▸ **WORK TO BE COMPLETED**: From the records below, extract only the lines running from the line with "Playera Nike de" to the line with "Rainbow - The", both lines included, reproducing them exactly.

Dataset records:
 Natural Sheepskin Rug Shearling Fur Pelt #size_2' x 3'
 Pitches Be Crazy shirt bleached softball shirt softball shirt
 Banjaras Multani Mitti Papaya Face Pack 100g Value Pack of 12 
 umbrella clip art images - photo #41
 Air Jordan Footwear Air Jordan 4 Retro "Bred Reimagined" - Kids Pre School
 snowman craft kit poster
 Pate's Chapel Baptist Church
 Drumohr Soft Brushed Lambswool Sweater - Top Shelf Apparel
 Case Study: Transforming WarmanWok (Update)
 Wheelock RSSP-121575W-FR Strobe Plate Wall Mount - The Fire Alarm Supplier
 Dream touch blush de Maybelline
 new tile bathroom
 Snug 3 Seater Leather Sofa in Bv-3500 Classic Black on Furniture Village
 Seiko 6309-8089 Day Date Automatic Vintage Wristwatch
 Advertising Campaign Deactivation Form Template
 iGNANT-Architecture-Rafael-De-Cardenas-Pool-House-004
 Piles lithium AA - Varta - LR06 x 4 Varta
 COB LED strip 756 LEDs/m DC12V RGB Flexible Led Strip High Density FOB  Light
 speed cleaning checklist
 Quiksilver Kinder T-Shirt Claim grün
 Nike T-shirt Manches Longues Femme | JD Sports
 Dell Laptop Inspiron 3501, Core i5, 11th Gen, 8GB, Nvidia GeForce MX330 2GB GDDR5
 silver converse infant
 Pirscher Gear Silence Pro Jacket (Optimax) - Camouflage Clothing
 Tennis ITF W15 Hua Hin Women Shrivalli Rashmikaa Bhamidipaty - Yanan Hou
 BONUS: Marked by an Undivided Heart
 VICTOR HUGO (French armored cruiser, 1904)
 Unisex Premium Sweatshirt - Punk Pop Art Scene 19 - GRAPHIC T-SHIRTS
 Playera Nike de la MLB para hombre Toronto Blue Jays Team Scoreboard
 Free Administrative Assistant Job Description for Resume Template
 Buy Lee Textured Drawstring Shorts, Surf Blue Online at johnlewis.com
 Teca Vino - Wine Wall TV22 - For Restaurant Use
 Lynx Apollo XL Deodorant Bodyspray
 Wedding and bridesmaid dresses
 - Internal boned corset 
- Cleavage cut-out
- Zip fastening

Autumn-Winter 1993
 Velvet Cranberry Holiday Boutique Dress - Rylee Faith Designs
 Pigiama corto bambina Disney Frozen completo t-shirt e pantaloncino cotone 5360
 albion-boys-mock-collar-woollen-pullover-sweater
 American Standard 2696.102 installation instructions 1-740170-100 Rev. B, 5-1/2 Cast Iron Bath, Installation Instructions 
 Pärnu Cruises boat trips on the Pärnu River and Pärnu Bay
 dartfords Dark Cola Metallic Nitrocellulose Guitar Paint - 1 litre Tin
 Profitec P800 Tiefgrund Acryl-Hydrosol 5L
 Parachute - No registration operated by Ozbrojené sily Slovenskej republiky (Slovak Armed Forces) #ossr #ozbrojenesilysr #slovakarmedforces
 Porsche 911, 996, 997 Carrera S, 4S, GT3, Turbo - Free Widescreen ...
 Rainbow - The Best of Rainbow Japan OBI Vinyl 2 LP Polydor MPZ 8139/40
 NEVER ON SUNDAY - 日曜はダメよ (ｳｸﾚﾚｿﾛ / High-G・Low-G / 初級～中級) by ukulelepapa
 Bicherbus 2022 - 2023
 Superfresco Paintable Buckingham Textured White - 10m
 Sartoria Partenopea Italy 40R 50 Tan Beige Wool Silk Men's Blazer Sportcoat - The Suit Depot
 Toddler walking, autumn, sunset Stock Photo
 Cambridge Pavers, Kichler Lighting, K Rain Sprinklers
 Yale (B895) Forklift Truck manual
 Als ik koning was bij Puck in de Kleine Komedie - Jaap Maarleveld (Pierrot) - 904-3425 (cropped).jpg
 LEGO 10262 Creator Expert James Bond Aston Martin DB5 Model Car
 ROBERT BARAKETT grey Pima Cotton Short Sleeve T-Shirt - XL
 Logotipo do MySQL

▸ **EXERCISE OUTPUT**:
 Playera Nike de la MLB para hombre Toronto Blue Jays Team Scoreboard
 Free Administrative Assistant Job Description for Resume Template
 Buy Lee Textured Drawstring Shorts, Surf Blue Online at johnlewis.com
 Teca Vino - Wine Wall TV22 - For Restaurant Use
 Lynx Apollo XL Deodorant Bodyspray
 Wedding and bridesmaid dresses
 - Internal boned corset 
- Cleavage cut-out
- Zip fastening

Autumn-Winter 1993
 Velvet Cranberry Holiday Boutique Dress - Rylee Faith Designs
 Pigiama corto bambina Disney Frozen completo t-shirt e pantaloncino cotone 5360
 albion-boys-mock-collar-woollen-pullover-sweater
 American Standard 2696.102 installation instructions 1-740170-100 Rev. B, 5-1/2 Cast Iron Bath, Installation Instructions 
 Pärnu Cruises boat trips on the Pärnu River and Pärnu Bay
 dartfords Dark Cola Metallic Nitrocellulose Guitar Paint - 1 litre Tin
 Profitec P800 Tiefgrund Acryl-Hydrosol 5L
 Parachute - No registration operated by Ozbrojené sily Slovenskej republiky (Slovak Armed Forces) #ossr #ozbrojenesilysr #slovakarmedforces
 Porsche 911, 996, 997 Carrera S, 4S, GT3, Turbo - Free Widescreen ...
 Rainbow - The Best of Rainbow Japan OBI Vinyl 2 LP Polydor MPZ 8139/40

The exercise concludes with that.